Cat. Analysis: Divisible Statute and Record of Conviction Conviction is evaluated by elements of offense of conviction as proved by record, not by individual facts of case. Where statute prohibits conduct that has imm penalties – e.g., being an AF – as well as conduct that does not, no imm. penalty adheres unless the record of conviction establishes the offense of conviction had the adverse elements.
Where record of conviction is vague or lacks info, immigrant wins Record of conviction must establish that the offense of conviction contained the harmful element, or the element is considered unproved. – See Shepard v United States, 125 US 1254 (2005) (where reviewable record did not establish that burglary was of a dwelling as opposed to a car, not a “ crime of violence ” for sentencing purpose). – Already law in several circuits (see, e.g., US v Corona-Sanchez 291 F3d 1201(9th Cir 2002)(en banc)) but Shepard supersedes bad law in others.
Shepard limits reviewable record to limited documents Statutory definition, Charging document, Written plea agreement, Transcript of plea colloquy, and Any explicit factual finding by the trial judge to which the defendant assented.
Record of Conviction INCLUDES elements in statute and case law; Info in criminal charge, but only w/ proof def pled to the charge; Plea agreement & transcript of plea hearing; Court ’ s explicit factual finding to which the defendant assented, in conviction by plea; Admissions of D during plea, sentence; Jury instructions if req ’ d for guilt in jury case.
Record of Conviction DOES NOT INCLUDE Police reports (Shepard) Application for complaint (Shepard) prosecutor ’ s comments (Board of Immigration Appeals (BIA)) Probation or pre-sentence report (e.g., 9 th Cir., implicit in Shepard) Defendant ’ s admissions outside criminal hearing (e.g. to immigration authorities) (BIA)
Case Study Statute punishes unlawful possession of concealed firearm or switchblade.
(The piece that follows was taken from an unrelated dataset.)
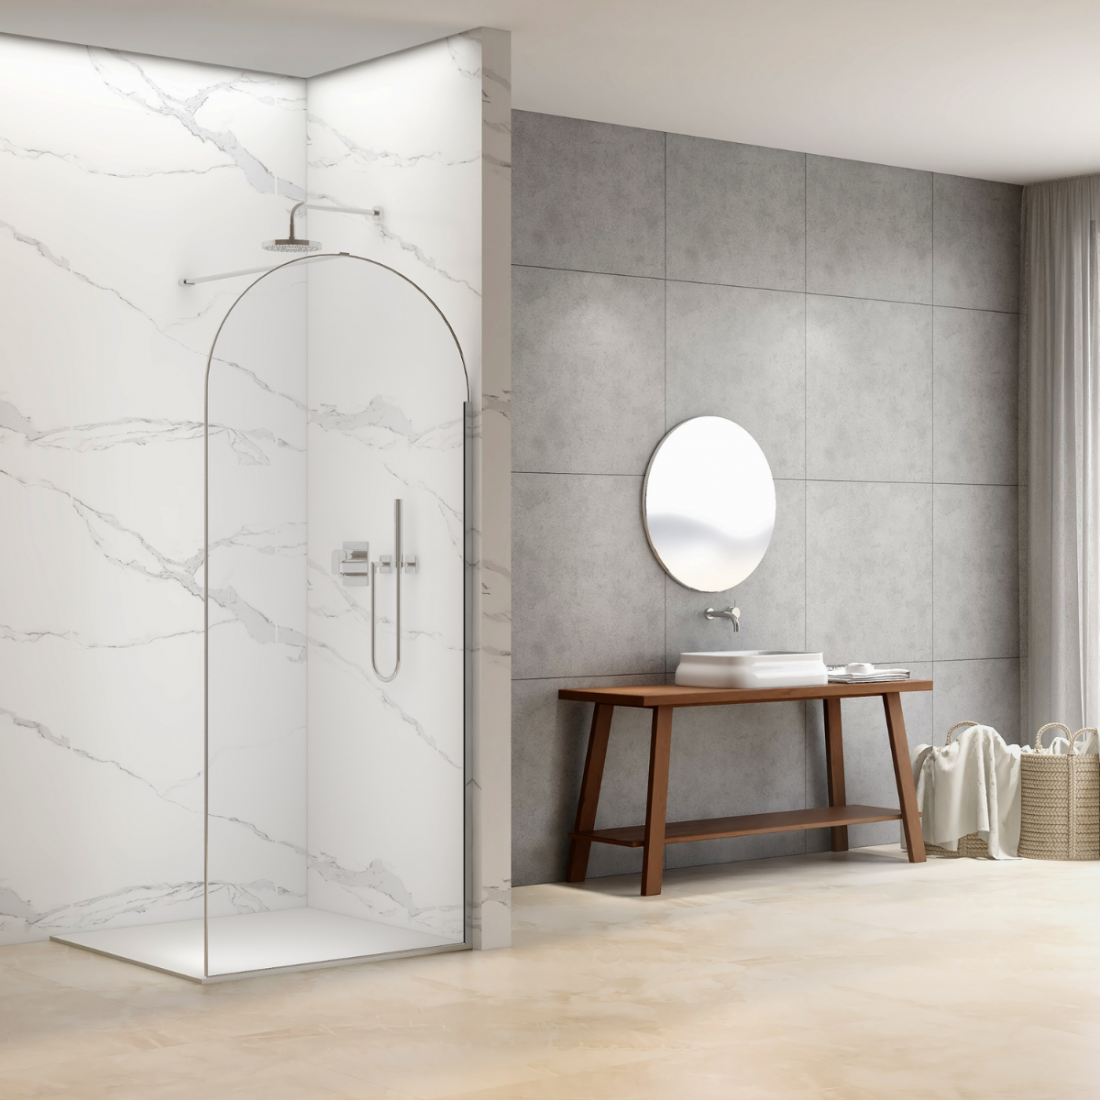 Descubre Mampara ducha redonda fija para transformar tu hogar en un oasis de estilo y funcionalidad | The Bath 🚿🧼

If Count I alleges “ possession of firearm, ” do not plead to unamended Count I. Create written plea agreement or plea colloquy amending Count I either to be vague, or to identify non-firearm weapon. Good plea is to whole statute in disjunctive ( “ or ” )
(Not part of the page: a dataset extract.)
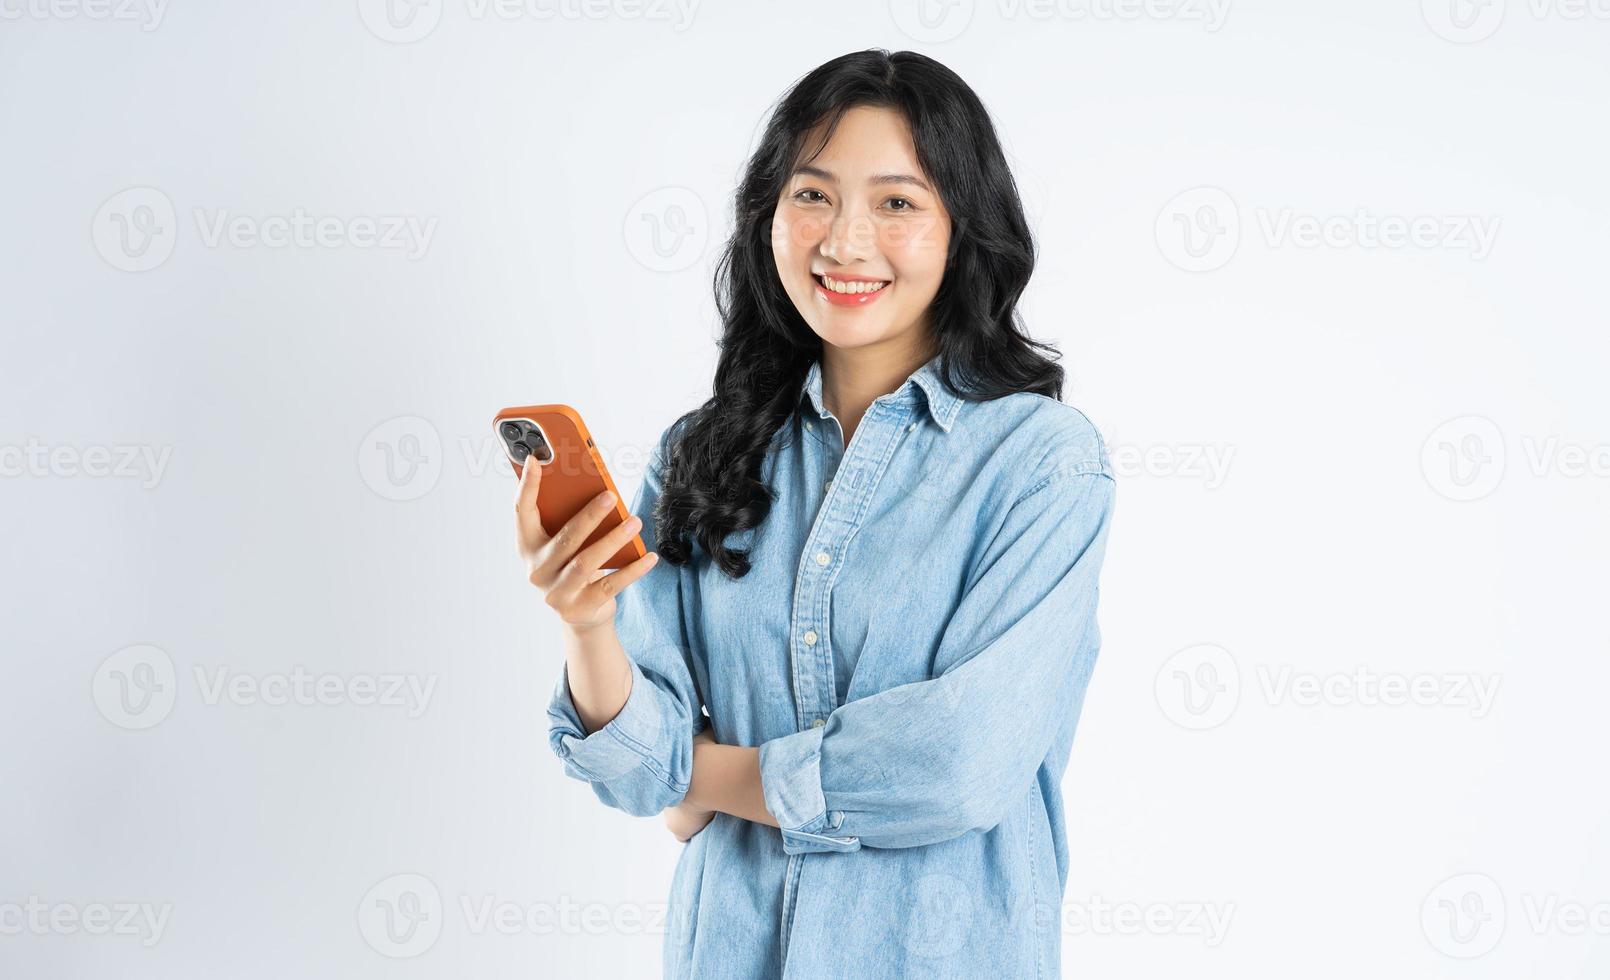 beautiful asian girl image on white background photo

Avoiding bad admissions 1. Enter Alford plea without admitting guilt 2. Try entering “ no contest ” plea 3. Make scripted admissions of safe minimum facts 4. Admit only safe charge
Categorical Analysis is Universally Applicable We will use this strategy frequently to avoid all types of immigration consequences. Plea agreement or plea colloquy trumps any other information: you create the record of conviction. – See e.g. Chang v INS, 307 F.3d 1185 (9 th Cir. 2002).
Exercise 5: The Categorical Analysis 1. Does your state law have a statute that prohibits both firearms and other weapons? In practice, could you plead in a way that would not identify the firearm? 2. Which of the following can a court consult to determine elements of the offense of conviction, where the statute is divisible? – Charging document plus evidence that the person was convicted under the statute. – Charging document plus transcript of plea colloquy where defendant plead to “ Count I as written. ” – Police report.